Reproduce our results

In this repository, you will find all the necessary components to reproduce the results from our research. The example instruction is outlined below:

python main.py --dataset MNIST --epochs 100 --lr 0.001 --n_clients 8 --topk 0.1 --algorithm ckks --enc_batch_size 4096 --sim_len 200 --enc True --isSelection True --isSpars topk
  1. The package size for paillier, bfv and ckks are different. We always set 80 for paillier and 4096 for bfv and ckks.
  2. You can adaptively choose whether to encrypt, whether to select, whether to sparse, etc.
  3. You can choose which encryption method to use. If you want to calculate a more accurate time cost, you can set --cipher_count False (there is also a certain time cost for counting cipher traffic)
  4. Please make sure your GPU has enough memory, inter-process communication ciphertext may cause memory overflow

Note: In order to communicate and synchronize between processes, the code uses the torch.multiprocessing library. We have set up more locks, events, values, pipes, and queues.

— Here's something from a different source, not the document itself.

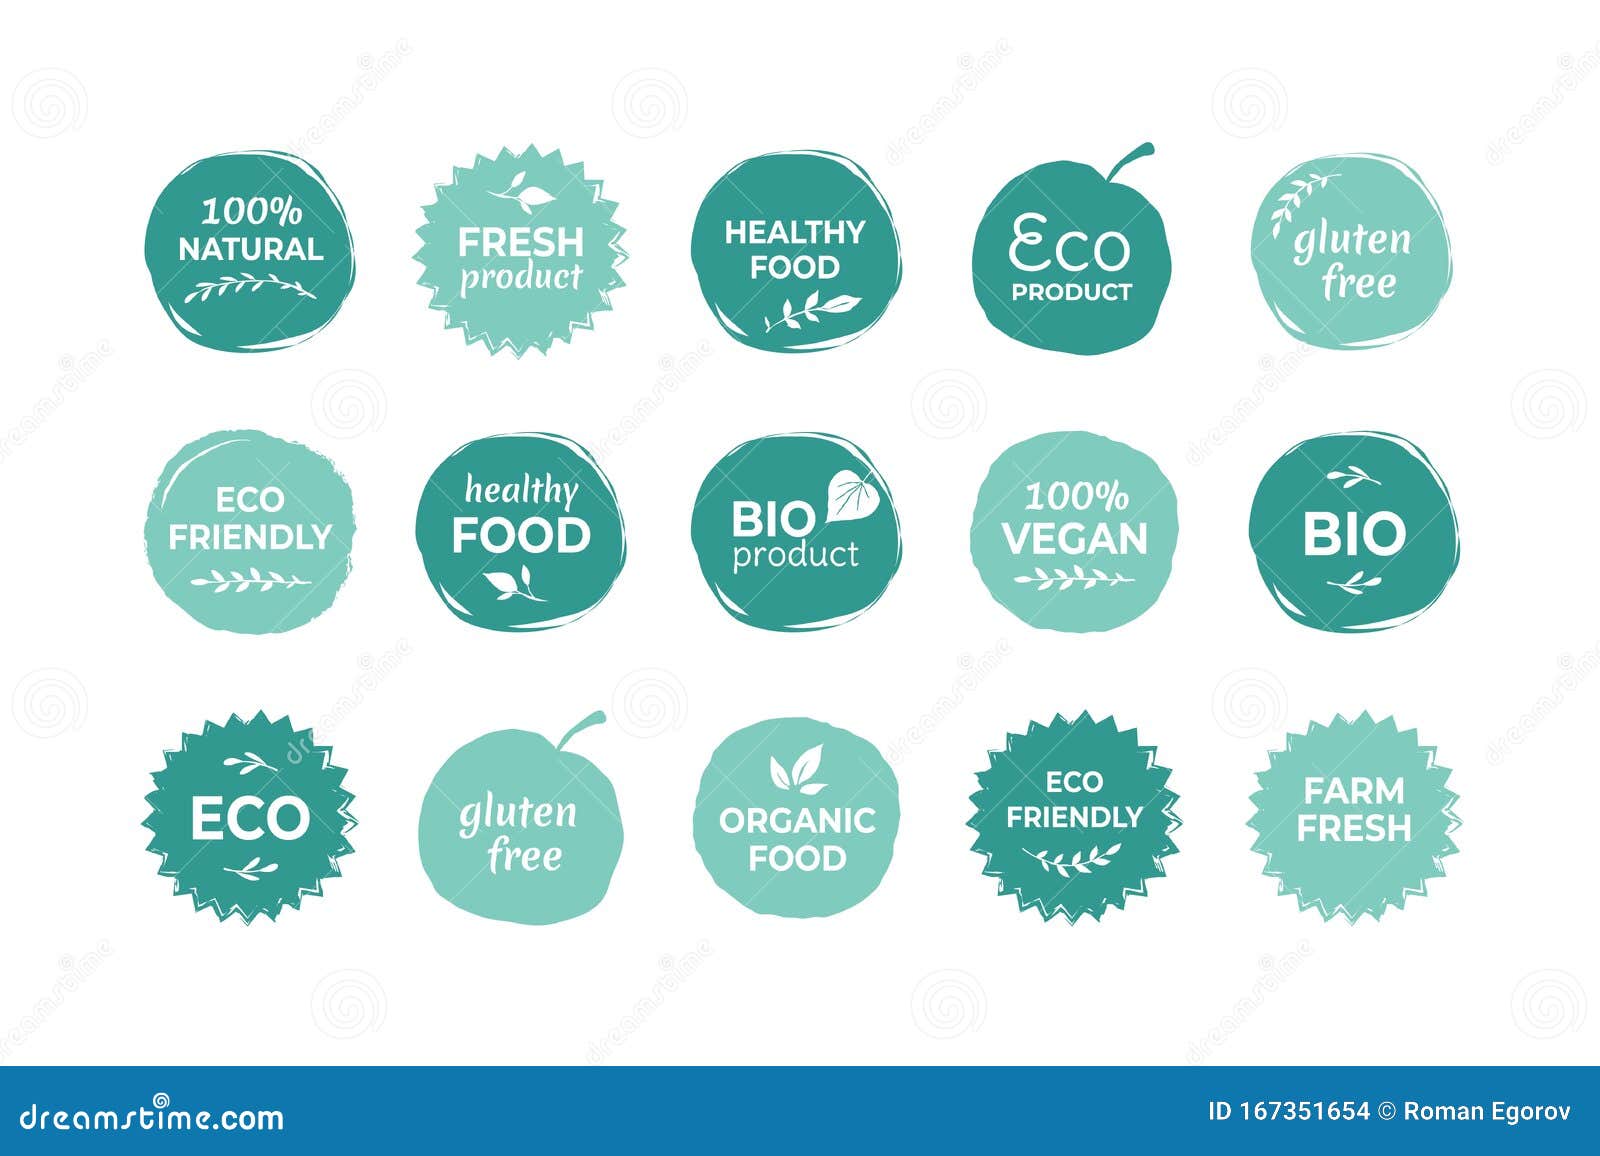 eco food label. fresh and healthy food quality stickers, vegan product and natural farming food badges.  organic

If you are a novice in this area, do not modify these switches, as it may cause running failures.

Results

  • We observe that FedPHE reduces the network footprint for MNIST, FashionMNIST, and CIFAR-10 by up to 16.49×, 16.89×, and 3.31×, respectively, compared to PackedCKKS. Moreover, it outperforms PackedBFV for 4.28−22.62× across three datasets. It is worth noting that the ciphertext size is only 0.81×, 0.77×, and 4.11× compared to the BatchCrypt. This indicates the efficiency of FedPHE in reducing the ciphertext generated by CKKS to the level of BatchCrypt encryption with Paillier. This achievement is truly remarkable. Additionally, the ciphertext size, which is previously in “memory out” state as shown in Table I, has been reduced to only 2.07 − 9.88× larger than the plaintext baseline, making FedPHE applicable to FL in practice. In conclusion, FedPHE achieves communication overhead reduction ranging from 1.24× to 22.62× compared to these baselines.

  • As shown in Table III, BatchCrypt requires 4.02 − 7.01× more training time compared to plaintext. In contrast, FedPHE incurs only 1.58 − 2.17× training time of the plaintext baseline, greatly enhancing the efficiency of model training. Furthermore, leveraging sparsification and client selection, FedPHE achieves a training acceleration of 1.85−4.44×. With an apt sparsification threshold, FedPHE does not adversely affect the trained model quality. Instead, it achieves significant compression while maintaining high performance.

Acknowledgments

I'd like to express my gratitude to the following projects and contributors for their work and contributions, which have been invaluable to this project:

  • Gap_Statistic - for their dynamically determined the suggested clusters in the data for unsupervised learning.
  • BatchCrypt - for paper ATC'20 paper "BatchCrypt: Efficient Homomorphic Encryption for Cross-Silo Federated Learning".
  • FLASHE - for the innovative algorithms that inspired our "packed with sparsification" optimization techniques.
  • Datasketch - for the MinHash, LSH data sketch that can process and search very large amount of data super fast, with little loss of accuracy.

This project also stands on the shoulders of numerous open-source contributors who make their work freely available for public use and modification. A heartfelt thank you to the open-source community for making this project possible.